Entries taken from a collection
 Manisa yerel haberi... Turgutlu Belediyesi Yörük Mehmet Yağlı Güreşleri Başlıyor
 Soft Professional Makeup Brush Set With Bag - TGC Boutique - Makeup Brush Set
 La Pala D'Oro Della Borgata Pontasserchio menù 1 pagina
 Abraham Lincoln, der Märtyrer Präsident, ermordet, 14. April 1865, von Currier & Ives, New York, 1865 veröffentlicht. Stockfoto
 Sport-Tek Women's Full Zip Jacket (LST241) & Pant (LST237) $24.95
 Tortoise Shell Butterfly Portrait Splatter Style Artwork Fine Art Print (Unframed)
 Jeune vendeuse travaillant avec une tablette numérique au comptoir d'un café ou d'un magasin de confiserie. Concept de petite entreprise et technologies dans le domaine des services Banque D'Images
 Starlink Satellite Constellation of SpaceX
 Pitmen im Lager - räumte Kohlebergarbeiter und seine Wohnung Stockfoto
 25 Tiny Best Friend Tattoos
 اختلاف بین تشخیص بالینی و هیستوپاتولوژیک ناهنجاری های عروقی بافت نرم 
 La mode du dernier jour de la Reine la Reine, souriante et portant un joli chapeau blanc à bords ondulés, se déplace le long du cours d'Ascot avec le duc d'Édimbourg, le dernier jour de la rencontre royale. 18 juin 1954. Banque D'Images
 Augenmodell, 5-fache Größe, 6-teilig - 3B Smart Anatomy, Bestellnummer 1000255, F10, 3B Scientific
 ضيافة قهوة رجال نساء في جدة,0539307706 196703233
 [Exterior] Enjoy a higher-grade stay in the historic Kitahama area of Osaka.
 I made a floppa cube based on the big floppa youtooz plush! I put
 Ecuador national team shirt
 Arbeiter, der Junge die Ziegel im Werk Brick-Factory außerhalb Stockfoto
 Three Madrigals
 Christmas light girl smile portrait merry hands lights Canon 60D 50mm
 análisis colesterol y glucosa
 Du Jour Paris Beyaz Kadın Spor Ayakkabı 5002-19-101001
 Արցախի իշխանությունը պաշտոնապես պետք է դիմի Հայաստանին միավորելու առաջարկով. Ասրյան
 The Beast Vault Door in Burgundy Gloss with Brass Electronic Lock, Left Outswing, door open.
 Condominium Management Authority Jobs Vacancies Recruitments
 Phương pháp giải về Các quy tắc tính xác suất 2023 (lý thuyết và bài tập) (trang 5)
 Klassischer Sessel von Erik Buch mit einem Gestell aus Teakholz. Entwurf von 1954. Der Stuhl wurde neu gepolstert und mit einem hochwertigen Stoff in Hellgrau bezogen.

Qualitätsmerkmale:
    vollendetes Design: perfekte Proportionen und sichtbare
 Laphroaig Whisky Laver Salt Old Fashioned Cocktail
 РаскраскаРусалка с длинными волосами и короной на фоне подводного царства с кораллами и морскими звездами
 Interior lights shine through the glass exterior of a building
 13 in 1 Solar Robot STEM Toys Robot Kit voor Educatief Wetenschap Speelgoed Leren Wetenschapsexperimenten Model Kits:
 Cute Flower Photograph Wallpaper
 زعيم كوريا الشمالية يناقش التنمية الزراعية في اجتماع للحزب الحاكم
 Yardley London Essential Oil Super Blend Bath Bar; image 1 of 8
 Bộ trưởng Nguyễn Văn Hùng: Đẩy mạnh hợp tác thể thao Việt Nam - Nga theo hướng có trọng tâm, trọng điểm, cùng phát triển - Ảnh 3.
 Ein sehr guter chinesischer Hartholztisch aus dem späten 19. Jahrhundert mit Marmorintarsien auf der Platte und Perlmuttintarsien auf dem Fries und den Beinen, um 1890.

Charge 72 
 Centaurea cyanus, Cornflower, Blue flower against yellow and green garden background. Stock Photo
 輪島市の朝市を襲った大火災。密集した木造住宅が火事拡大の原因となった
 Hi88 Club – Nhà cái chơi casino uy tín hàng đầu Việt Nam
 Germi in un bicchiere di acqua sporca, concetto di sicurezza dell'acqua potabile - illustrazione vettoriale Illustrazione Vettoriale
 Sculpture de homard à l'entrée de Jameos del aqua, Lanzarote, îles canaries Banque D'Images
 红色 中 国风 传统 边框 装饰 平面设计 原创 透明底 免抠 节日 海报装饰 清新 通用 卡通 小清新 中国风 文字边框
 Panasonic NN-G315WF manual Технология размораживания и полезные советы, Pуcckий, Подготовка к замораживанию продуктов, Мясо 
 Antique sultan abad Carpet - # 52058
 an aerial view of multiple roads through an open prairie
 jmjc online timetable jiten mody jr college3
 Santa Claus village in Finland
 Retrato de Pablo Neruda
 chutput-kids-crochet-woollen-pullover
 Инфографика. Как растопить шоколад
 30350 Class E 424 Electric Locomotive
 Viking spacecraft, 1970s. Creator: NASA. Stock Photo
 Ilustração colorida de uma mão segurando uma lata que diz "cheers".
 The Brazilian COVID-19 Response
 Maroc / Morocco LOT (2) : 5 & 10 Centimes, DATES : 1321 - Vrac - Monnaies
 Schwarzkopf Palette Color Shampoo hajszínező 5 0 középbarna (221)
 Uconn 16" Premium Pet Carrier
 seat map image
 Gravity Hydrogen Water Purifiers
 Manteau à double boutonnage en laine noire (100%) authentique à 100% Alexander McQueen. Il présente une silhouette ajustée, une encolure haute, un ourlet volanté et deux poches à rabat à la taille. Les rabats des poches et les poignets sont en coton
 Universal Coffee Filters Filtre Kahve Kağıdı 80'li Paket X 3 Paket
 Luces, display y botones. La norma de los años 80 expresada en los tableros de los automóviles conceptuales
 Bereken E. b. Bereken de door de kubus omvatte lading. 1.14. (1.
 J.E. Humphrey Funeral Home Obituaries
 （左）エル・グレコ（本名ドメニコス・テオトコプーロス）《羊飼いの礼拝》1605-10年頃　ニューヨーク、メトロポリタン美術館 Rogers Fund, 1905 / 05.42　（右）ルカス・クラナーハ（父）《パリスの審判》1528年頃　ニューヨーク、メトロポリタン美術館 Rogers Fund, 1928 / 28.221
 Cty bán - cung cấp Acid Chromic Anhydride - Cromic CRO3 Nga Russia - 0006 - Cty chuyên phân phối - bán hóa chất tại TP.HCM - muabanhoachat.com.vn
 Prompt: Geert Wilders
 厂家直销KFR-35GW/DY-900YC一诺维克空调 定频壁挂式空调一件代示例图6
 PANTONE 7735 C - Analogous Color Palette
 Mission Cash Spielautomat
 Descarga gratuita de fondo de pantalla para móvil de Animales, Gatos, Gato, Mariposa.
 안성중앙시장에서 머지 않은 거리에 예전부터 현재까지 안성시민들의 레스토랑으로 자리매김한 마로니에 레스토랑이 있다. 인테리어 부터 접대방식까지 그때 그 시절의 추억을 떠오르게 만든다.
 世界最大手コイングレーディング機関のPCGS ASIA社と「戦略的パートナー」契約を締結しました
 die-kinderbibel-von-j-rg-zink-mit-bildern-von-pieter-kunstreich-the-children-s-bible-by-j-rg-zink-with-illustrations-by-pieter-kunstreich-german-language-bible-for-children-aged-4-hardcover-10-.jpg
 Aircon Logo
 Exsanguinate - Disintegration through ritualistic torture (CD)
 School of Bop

About this task
Reproduce verbatim the lines above, from the line with "Phương pháp giải" through the line with "РаскраскаРусалка с длинными".

Task output
 Phương pháp giải về Các quy tắc tính xác suất 2023 (lý thuyết và bài tập) (trang 5)
 Klassischer Sessel von Erik Buch mit einem Gestell aus Teakholz. Entwurf von 1954. Der Stuhl wurde neu gepolstert und mit einem hochwertigen Stoff in Hellgrau bezogen.

Qualitätsmerkmale:
    vollendetes Design: perfekte Proportionen und sichtbare
 Laphroaig Whisky Laver Salt Old Fashioned Cocktail
 РаскраскаРусалка с длинными волосами и короной на фоне подводного царства с кораллами и морскими звездами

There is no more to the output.